__What is required__.
Your answer must be the full listing, reproduced exactly, minus any pictures.

= = = = = = =

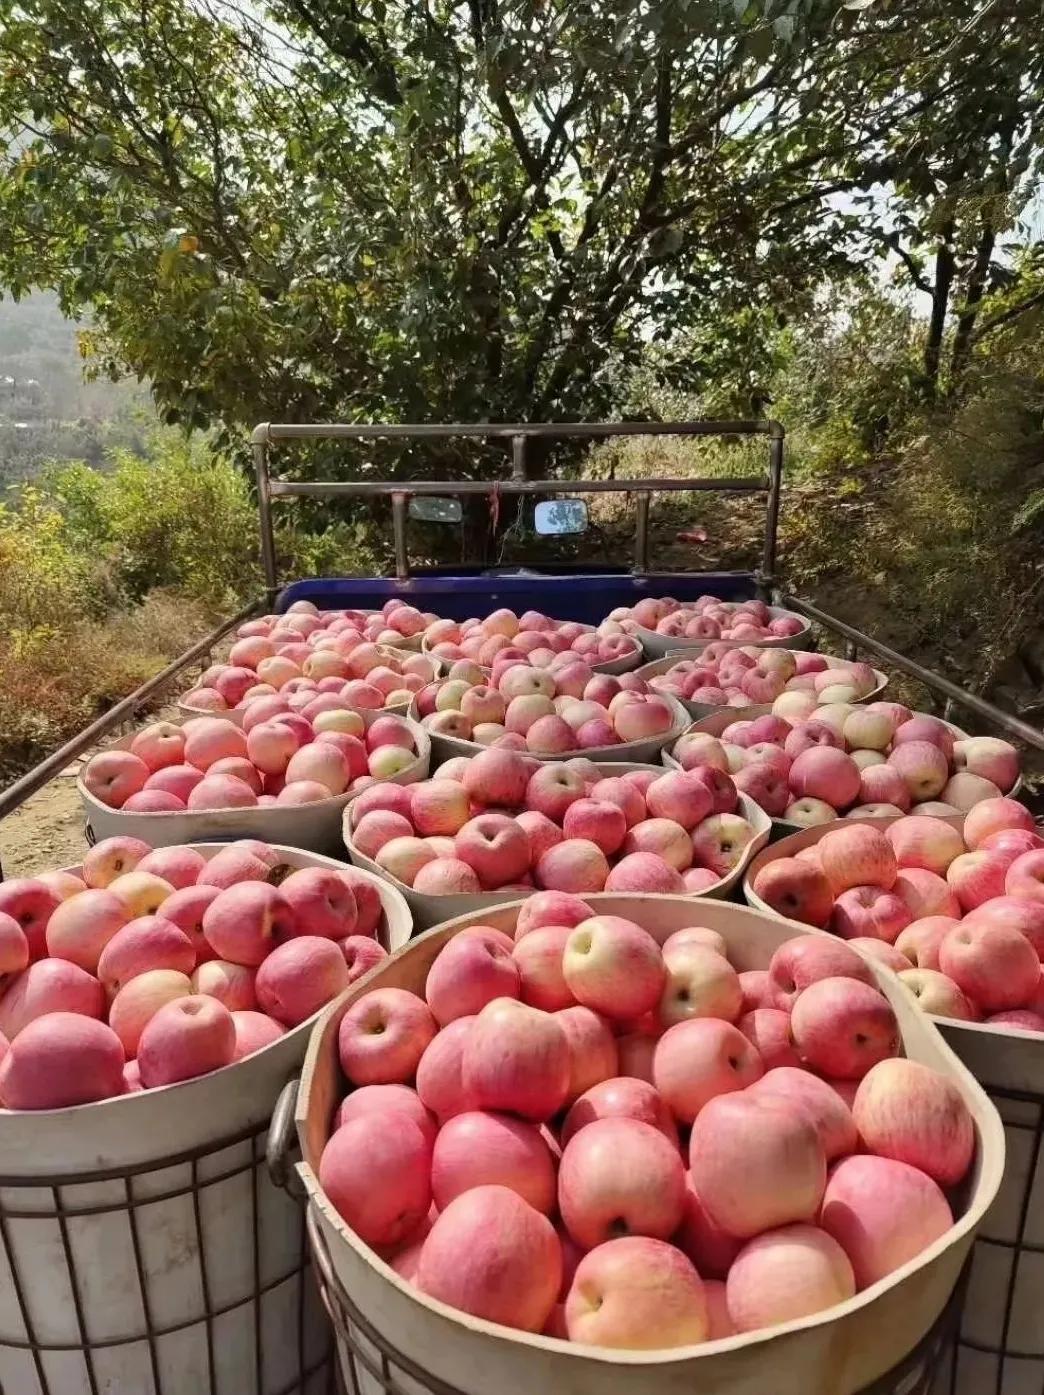 中国苹果第一大县图片
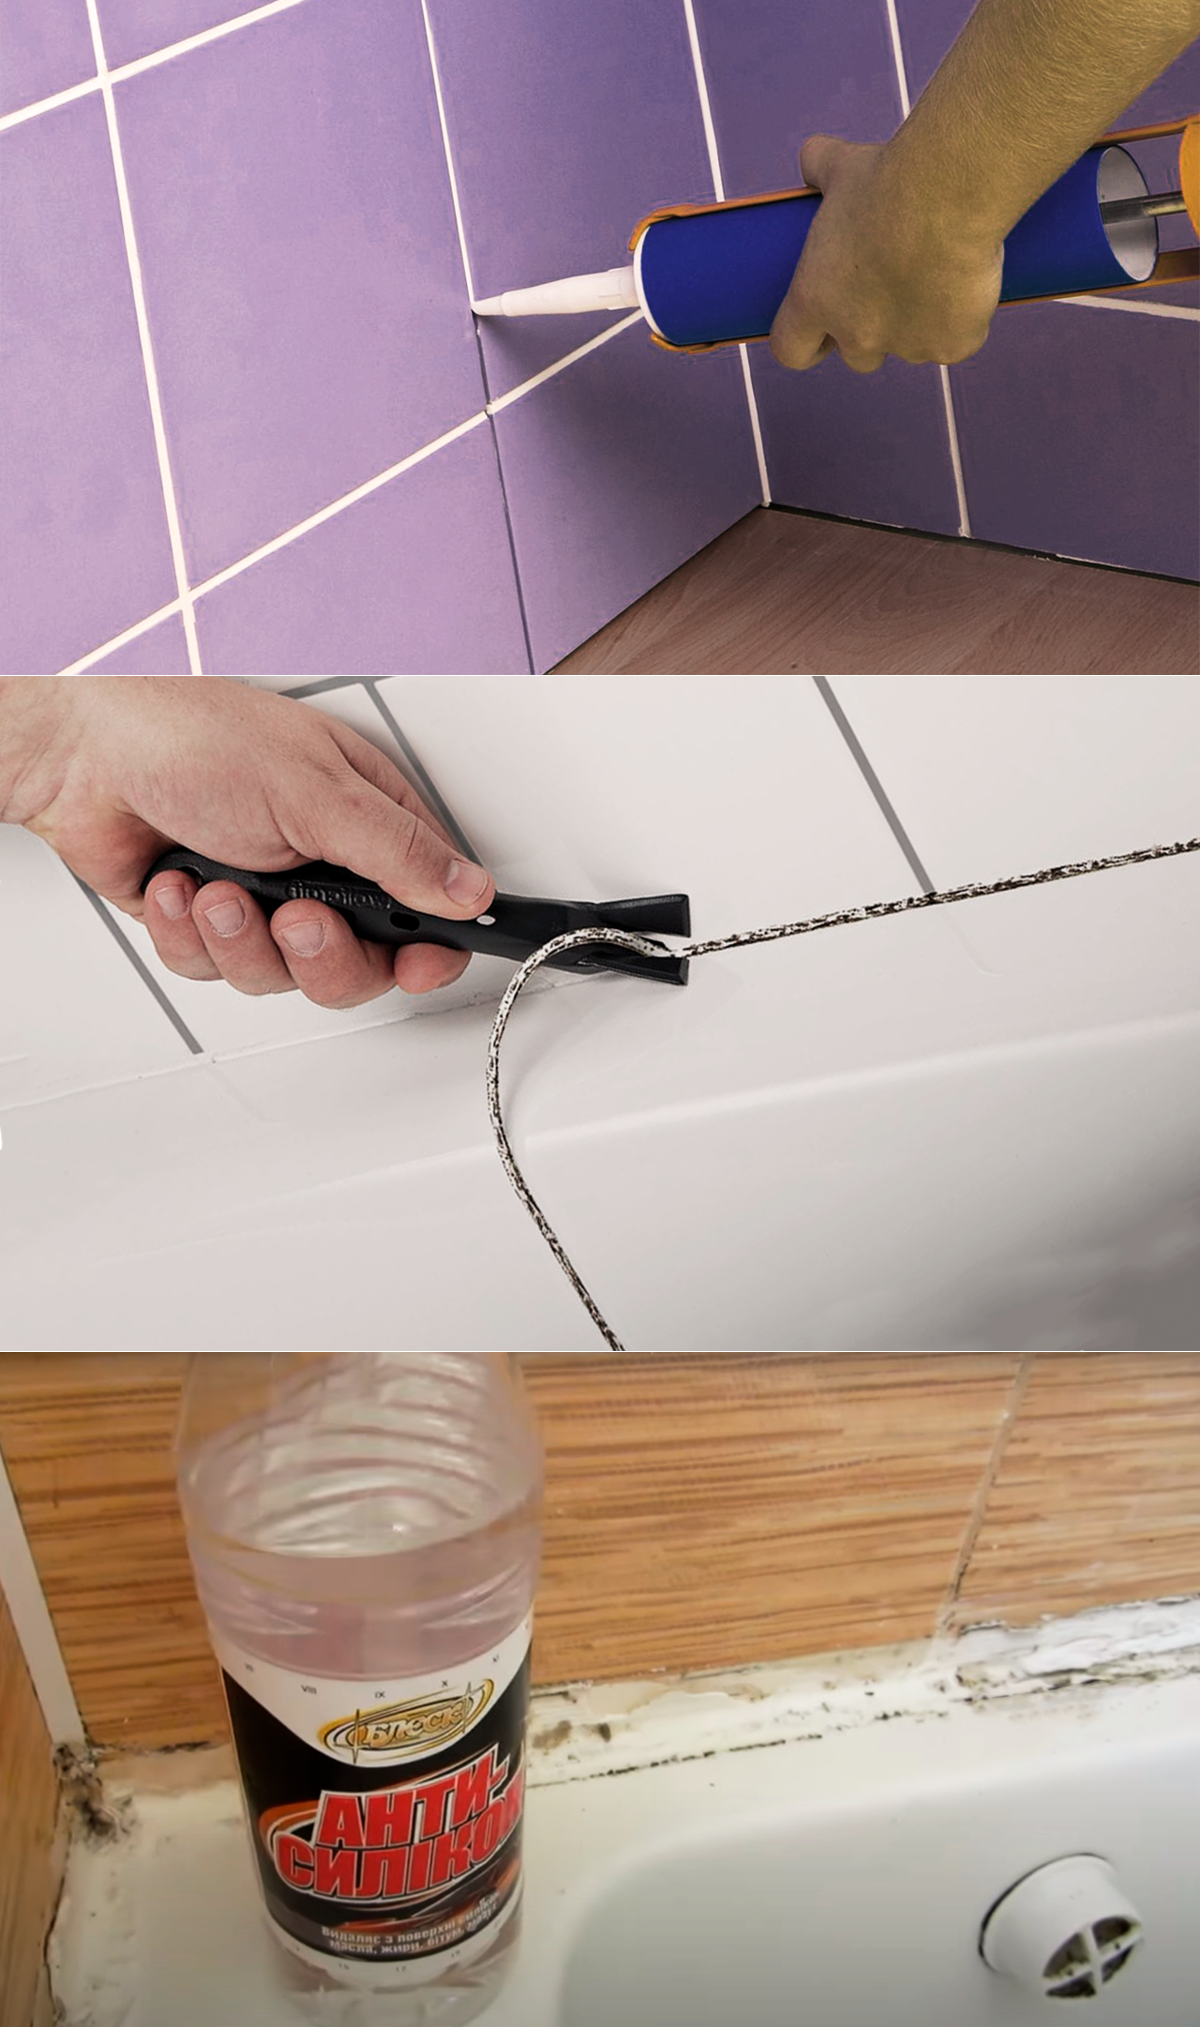 Чем удалить силиконовый герметик? как удалять в ванной, как отмыть и оттереть, как очистить и смыть старый герметик, как убрать с руки
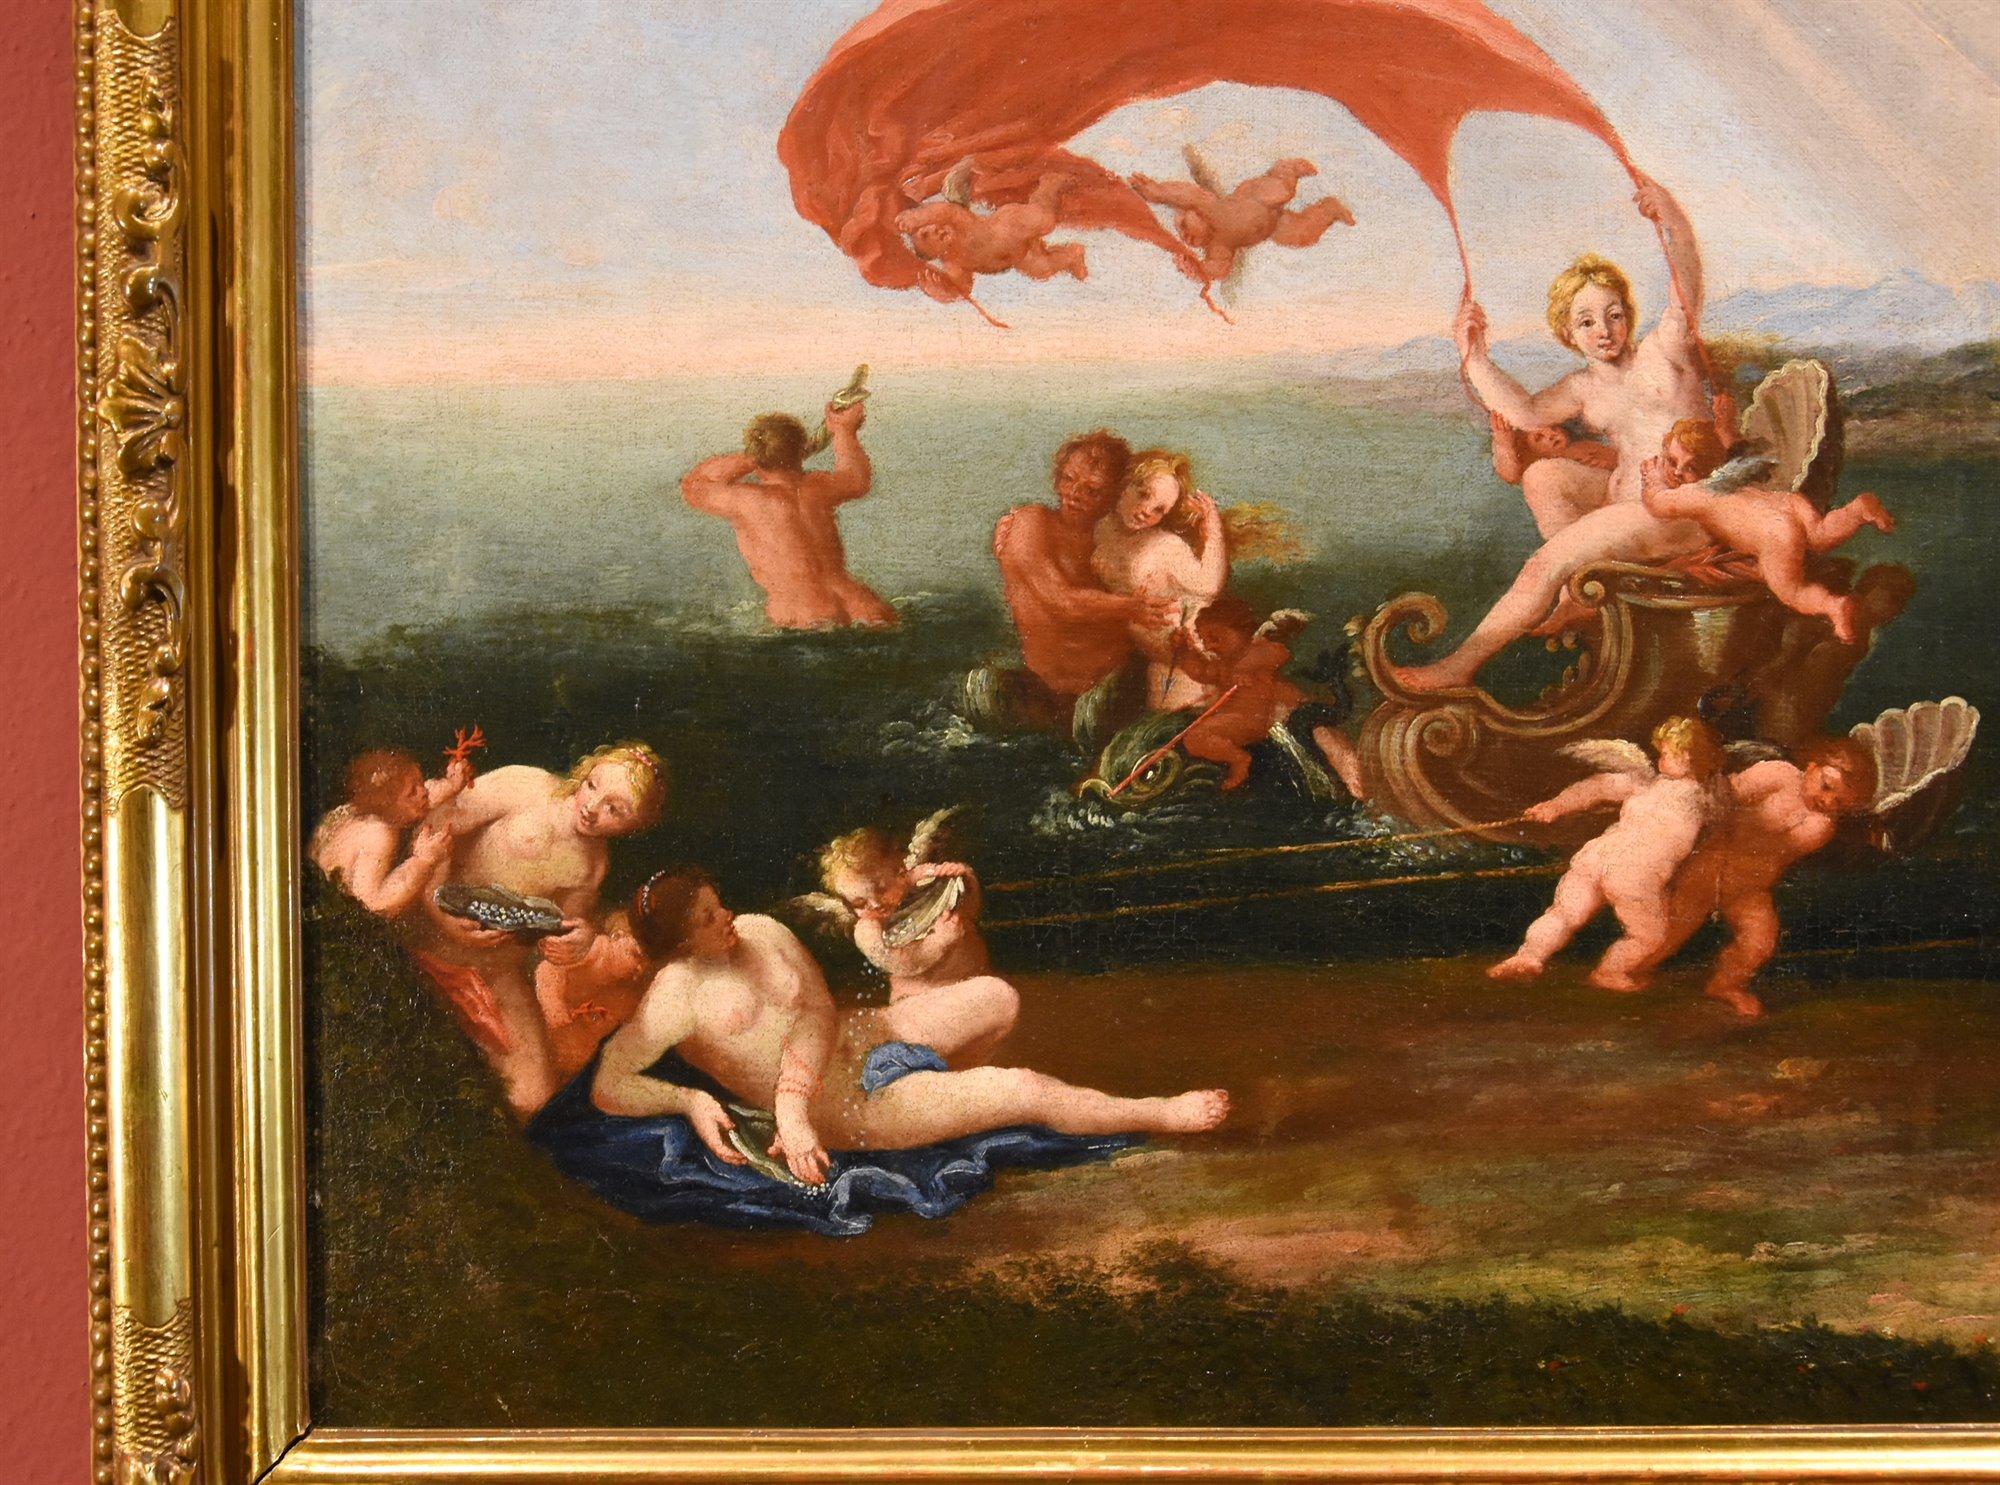 Francesco Albani (Bologne 1578 - 1660) Cercle de
Le triomphe de la nymphe Galatea (ou allégorie de l'eau)
d'après Ovide, Métamorphoses, livre XIII

Huile sur toile (53 x 72 cm. - dans le cadre 62 x 82 cm.)

La belle peinture proposée, représentant

= = = = = = =

__Worked solution__.
 中国苹果第一大县图片
 Чем удалить силиконовый герметик? как удалять в ванной, как отмыть и оттереть, как очистить и смыть старый герметик, как убрать с руки
 Francesco Albani (Bologne 1578 - 1660) Cercle de
Le triomphe de la nymphe Galatea (ou allégorie de l'eau)
d'après Ovide, Métamorphoses, livre XIII

Huile sur toile (53 x 72 cm. - dans le cadre 62 x 82 cm.)

La belle peinture proposée, représentant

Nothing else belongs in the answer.